PANEL IV. ATOMS FOR PEACE AND FUTURE INITIATIVES

  • Mitchell B. Reiss of the U.S. Department of State argued that despite the past successes of the nonproliferation regime, it was authored in a different era and is beginning to show its age. Thus, the United States and the international community must work to strengthen the IAEA, push for universal adoption of the Additional Protocol, and address the policy issues presented by NPT Articles IV and VI.
  • Daniel Poneman of the Scowcroft Group and the Forum for International Policy argued that the NPT is critical in establishing a normative barrier to proliferation but that it does not present much of a physical barrier. Innovations in Atoms for Peace, he suggested, will have to use the marketplace as a force of national security, aligning commercial motives with security motives to achieve practical results much as the US-Russian HEU arrangement has.
  • Lawrence Sheinman of the Monterey Institute’s Center for Nonproliferation Studies discussed the flaws in NPT Article IV’s failure to put any constraints on peaceful nuclear development in non-nuclear-weapons states, a failure that has helped states develop rapid breakout capabilities and then withdraw from the NPT when convenient.

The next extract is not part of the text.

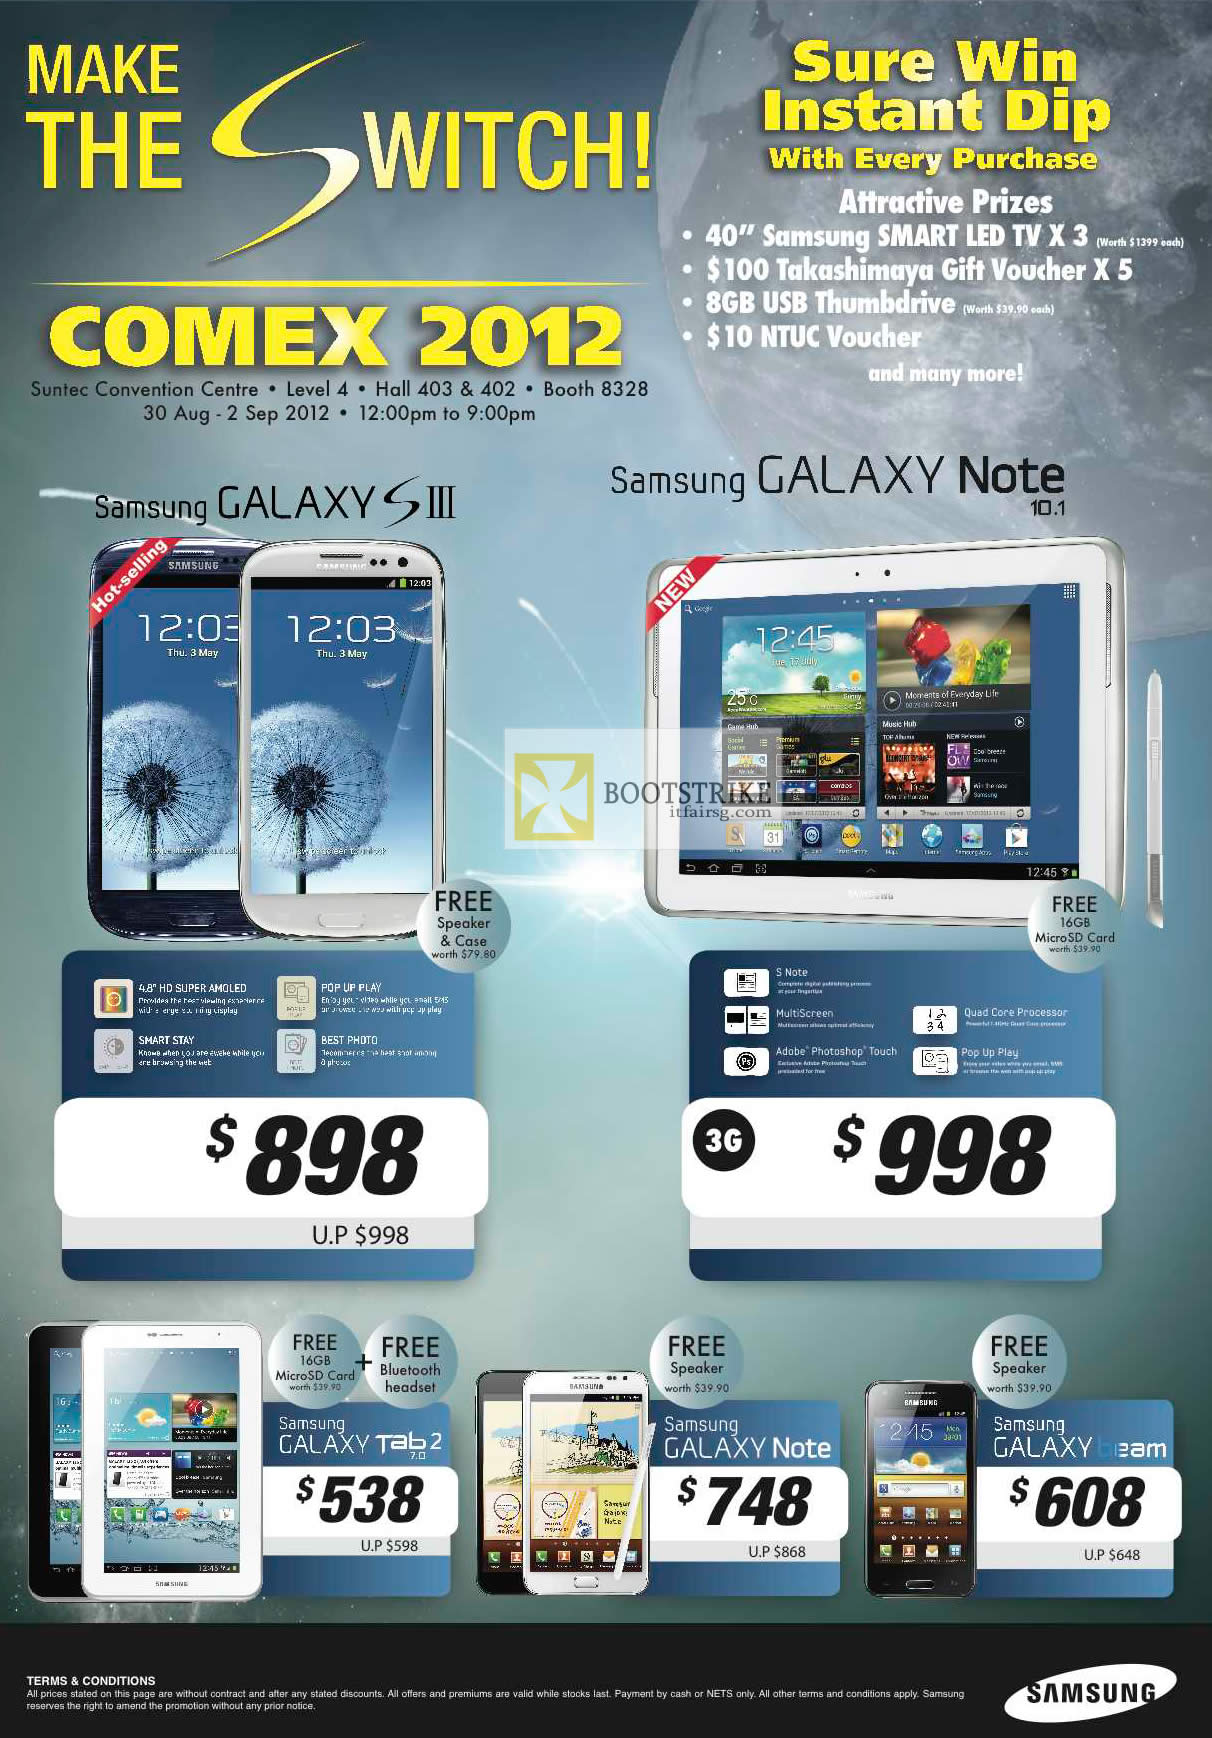 COMEX 2012 price list image brochure of Samsung Mobile Phones Galaxy S III, Note 10.1, Tab 2 7.0, Note, Beam

The bar for NPT withdrawal, he suggested, should be set as high as possible.
  • Christopher Chyba of Stanford’s Center for International Security and Cooperation argued that we want to avoid a nuclear weapons future that looks like our biological weapons future, in which biological weapons proliferation is almost inevitable and our strategy will thus have to be reactive. He specifically made the case that more comprehensive demand-side nonproliferation efforts must coexist with our existing focus on supply-side nonproliferation.
  • Thomas Shea of the International Atomic Energy Agency discussed the merits of the Fissile Material Cutoff Treaty (FMCT), explaining that it offers the means to cap the inventory of fissile material available for weapons, among other benefits.
  • Ronald F. Lehman II of the Center for Global Security Research at Lawrence Livermore National Laboratory reiterated the threat of horizontal proliferation but suggested that future threats may originate not simply from states and such frequently mentioned nonstate actors as terrorist organizations, but also from nonstate governmental actors like the Pakistani security service.